Автор книги: Иван Шевцов
сообщить о нарушении
Текущая страница: 19 (всего у книги 29 страниц)
Вчера вечером Федот Алексеевич слушал по радио концерт по заявкам радиослушателей: пели Шаляпин, Собинов, Гаспарян. Котов любил музыку, и голоса великих певцов рождали в нем высокие чувства. И вдруг, когда в тающей, упоенной и сладостной истоме зазвенел голос Шаляпина "О, если б навеки так было…", до чуткого уха лесника докатился с надворья другой голос, призывно трагический, полный отчаяния. Котов выскочил на улицу и прислушался. Женский вопль доносился из сеней Яловца, а из хаты, из открытого окна, откуда глядела на темную улицу лохматая пьяная голова Антона, звучал все тот же шаляпинский голос, повторяющий слова: "О, если б навеки так было…"
Котов постоял несколько минут в нерешительности, хотел было пойти на помощь, но Зина вдруг умолкла. С тяжелым чувством вернулся он в свою избу и выключил радио. На душе было больно, обидно, противно, словно наплевали в нее грязные и подлые люди. Концерт он уже не мог слушать, хорошее настроение было испорчено, а в голову лезли настойчивые злые мысли: "Идет вторая половина двадцатого века, на луне лежит советский вымпел, где-то среди огромных миров песчинкой несется советская космическая ракета, вокруг Земли плывут искусственные спутники. И все это сделал человек, самое великое и самое могучее существо во вселенной. А в то же время другое существо, лохматое, пьяное, озлобленное на весь мир, тоже именуемое по какому-то недоразумению человеком, истязает более слабого человека, женщину, мать своего ребенка. Что это? Где логика и смысл?"
Зина Яловец сидела над обрывом со своей маленькой дочкой. Бездумный взгляд ее, затуманенный горем и тоской, был устремлен на реку, где среди старого, бывшего помещичьего сада стояла тоже старая, с ободранным куполом церковь. Зина сама не знала, верующая она или нет: в церкви ей никогда не приходилось бывать. Бог, мысль о котором внушали ей мать и отец, был чем-то не совсем определенным и ясным. Она пробовала ему молиться, ждала от него хоть немного участия, но он почему-то оставался равнодушным и далеким.
В своей тяжелой судьбе она винила покойного отца своего, который искалечил жизнь не только себе, но и ей. В совхозе никто не знает, что Зина дочь предателя, но достаточно того, что об этом знает она сама. Это делает ее несчастной. Но она должна жить для дочери, должна дать ей то счастье, которого не знала сама. Как это сделать, Зина еще не знала.

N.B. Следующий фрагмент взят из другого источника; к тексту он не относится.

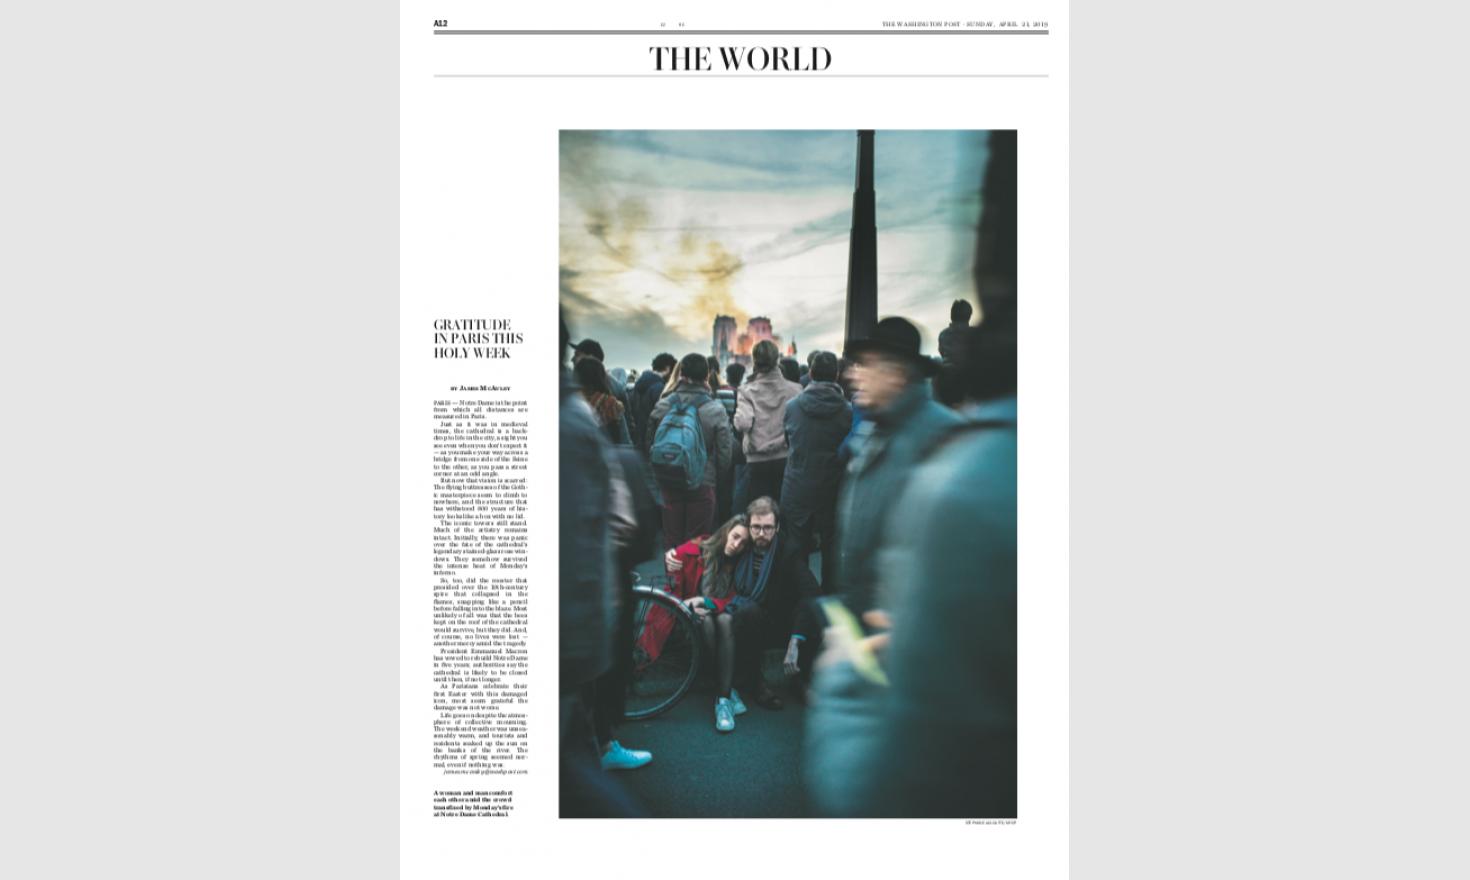 Washington Post, 2019

Трезвый, Антон был замкнут и неразговорчив – слова из него не вытянешь. Спал беспокойно, по ночам подхватывался в холодном поту, кричал что-то несвязное и весь дрожал, как в лихорадке. Зина считала, что душа у мужа надломлена и что виною этому тюрьма. Но Зина ошибалась.
Пьяный Антон придирался ко всяким пустякам, кому-то угрожал, цинично и грязно ругаясь. В постели он бил ее кулаками и плакал от злости и отчаяния. Что творилось у него на душе, Зина не знала.
Внизу, у обрыва, уткнувшись курчавой густо-зеленой головой в песчаное дно реки, лежала подмытая вешними водами большая ель. Зине казалось, что ель упала и захлебнулась. Теперь это был просто труп, мертвое дерево. Другое дерево – сосна – стояло тут же, над самым обрывом. Оно пока держалось: часть обнаженных корней висела в воздухе, точно взывала о помощи, остальными сосна крепко цеплялась за берег, стараясь продлить свою жизнь. Зина понимала, что дерево это обречено и ничто уже его не спасет, жить ему осталось до первой сильной бури или до следующей весны – воды подмоют обрыв, и сосна полетит вниз головой в пропасть. Подумала о своей судьбе: "Ничто меня не спасет… Люди? Им нет до меня дела, между мной и людьми стоит стена, воздвигнутая отцом и мужем…"
Нелегкие думы ее спугнул Федот Котов. Он подошел тихо, незаметно, опустился рядом и поздоровался, а Зина, сама не ведая почему, в ответ на его приветствие сказала:
– А сосна все равно упадет, недолго ей осталось.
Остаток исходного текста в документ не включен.